As long as there is no inherant problems with the chase frame. i'm probably going to grab one. 
Looking at the 08 chase 1 the fork it comes with 
Marzocchi Marzocchi Dirt Jump 2, 80 mm, Thru-20 
I would really like to drop on a nicer Rockshox fork, i guess the argyle is the best choice for dj/street since its 100m. Could i toss on a Pike 454 and still keep it pretty solid?
how far can i take it on a little chase frame without gimping geo and performance.
lyric solo air 160mm is far too much travel for this frame? i guess a totem is out of the question haha.


----------



## euroford (Sep 10, 2006)

no experience myself, but guys who have them seam to like them allot. personally i prefer steel for my dj rigs, but the chase will definitely get the job done, and at 45% off there is no reason to pass it up.

80mm is definitely enough for dj/urban. you want to setup the fork super stiff, almost no sag. that 80mm is just to take the edge off of botched landings. 
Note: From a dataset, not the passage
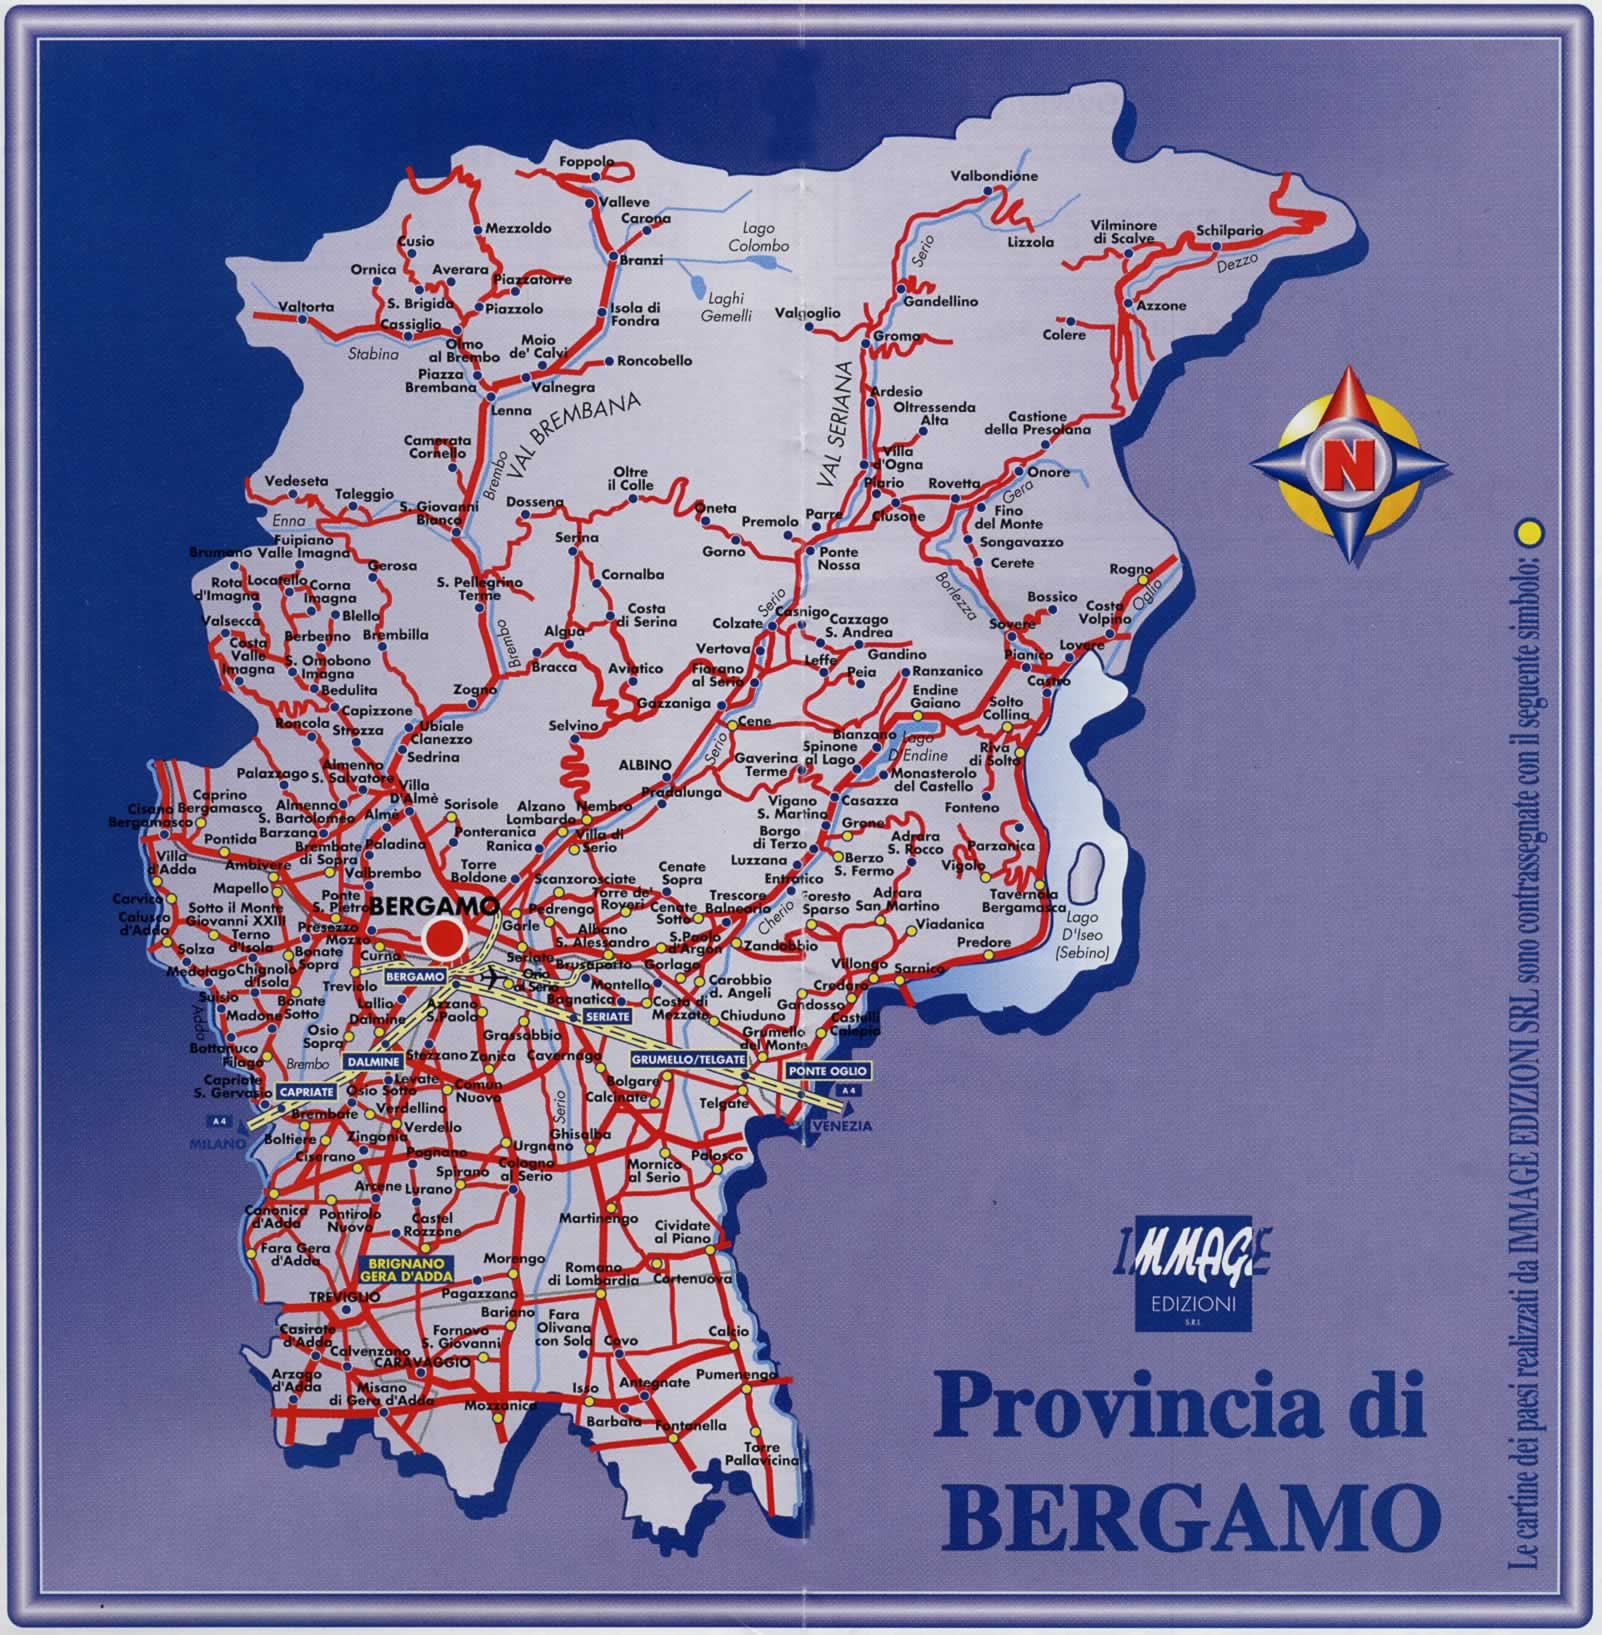 Top cucina ceramica mobilifici bergamo e provincia for Mobilifici caserta e provincia

again the bb7 brakes arn't to my taste, i prefer hydro's, but the bb7's are ran by allot of people because they prefer them.


----------



## spazzy (Aug 15, 2004)

i ride an argyle and its awesome, if you want to upgrade your fork i would say go with something in the argyle line, i have the 318 but you could upgrade more if you wanted the air model


----------



## Ounapuu (May 26, 2008)

Ok cool thanks for the replies.
i guess i will look into just a stock 08 chase 2 which i should get pretty damn cheap at half off.
Never ridden bb discs but im not looking for a top notch rig just something to beat the piss out of so i guess its not too important.
I notice it doesnt come with any kind of tensioner does that mean its going to be a neccesary purchase or should it not be a problem.
To be perfectly honest i'm just itching to buy a nicer fork with 50% off just for the fun of it.
I'm assuming an argyle 409 would be a good improvement over the stock dirt jumper 3 on the chase 2. 
If the dirt jump 3 is an ok fork ill forget about it but since i cant even find any reviews on it i have a feeling its a hunk of crap.


----------



## snaky69 (Mar 8, 2005)

I'm running 65mm of very stiff travel, you can handle living with only 80mm.


----------



## frisky_zissou (Jun 4, 2006)

Go into the 'Show off Your Urban/Park/Dj Bike!' thread and look at the chase on the first page. Damn that thing is hottttt!!!!!!

If I were you I would get a pike. You seem to like more suspension. Nothing wrong with that despite what the people on here say and because it has a good range of travel I doubt you wont find a hight your happy with.


----------



## DJskeet (Oct 19, 2007)

ya, the pike seems like a great option for you. Aaron is actualy running 50mm travel:

http://www.littermag.com/techno/08chase/08chase.html

140 would probly seem like a chopper


----------



## horseonthefly (Mar 19, 2007)

You also might check and see if the travel on your marz can be converted to 100mm if you don't like running 80. I know it could be done on some of the older ones but haven't kept up with the dj line in a while.


----------